In 1967, a Ghanaian woman who was married under Ghanaian customary rites sued her husband for failing to give her a white wedding.
The woman sued her husband for failing to perform an ordinance marriage after he had earlier promised her, he would.
Justice Ollenu defined a customary law marriage in Yaotey v Quaye [1961] GLR 573 in the following terms:
A customary law marriage is a union of the man's family and the woman's family. It imposes rights and duties upon the two families. The woman's family gains the right to perform certain rites in certain eventualities and the man's family also gains the right to perform certain rites in certain eventualities.
For this particular case: “The parties were married under customary law. The wife instituted the present action against the husband for a breach of promise to marry her under the Marriage Ordinance, Cap. 127 (1951 Rev.).”
The lawyer for the husband argued whether a couple who were married under customary while being married can sue the other for breach of promise to marry under the Ordinance.
In resolving the issue, the court had to decide whether a spouse married under customary law was capable of bringing an action in contract or tort against the other spouse.
This court ruled that a woman married under customary law was capable of suing her husband in contract or tort in the same way as she could sue any other person. The legal fiction that husband and wife were one in law was not part of the customary law. Smith v.
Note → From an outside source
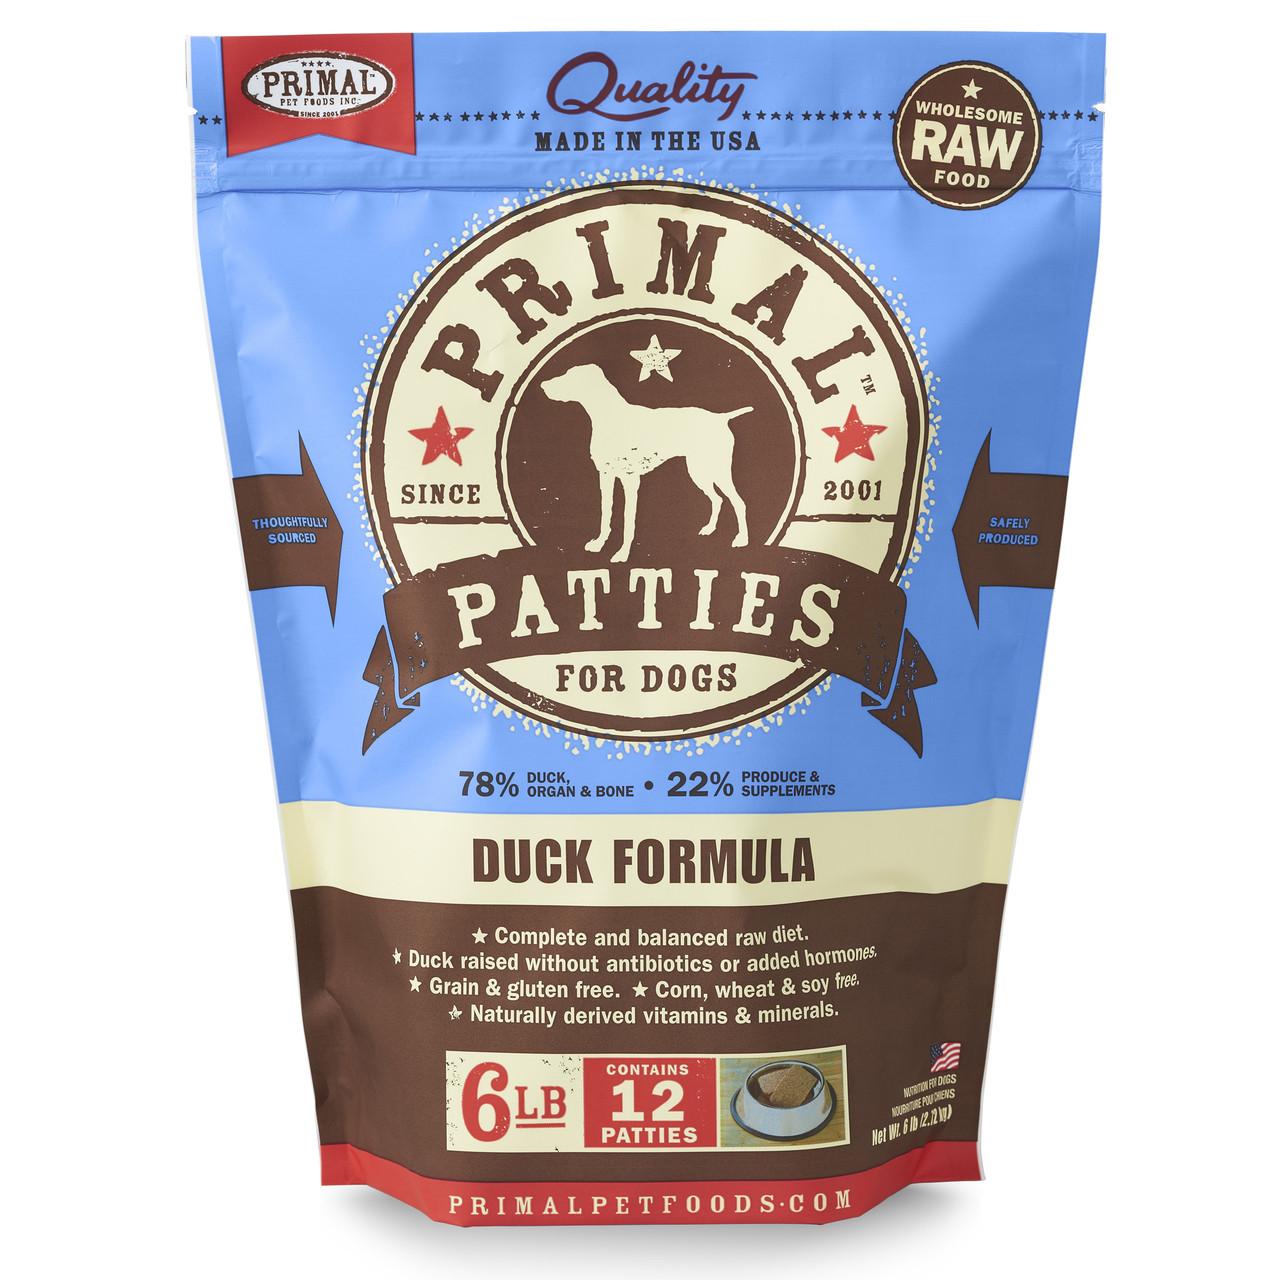 Primal Raw Frozen Canine Patties Duck Formula Dog Food

Smith [1965] G.L.R. 730 considered.
Secondly, a customary marriage was distinct from an Ordinance marriage; the incidents of the two types of marriage were different. Therefore, if a woman married under customary law had considered the promise to convert the marriage into an Ordinance one, she was entitled to sue for breach of that promise.
In essence, the court ruled in favour of the wife, saying she had every right to sue her husband for refusing to have a “white wedding”.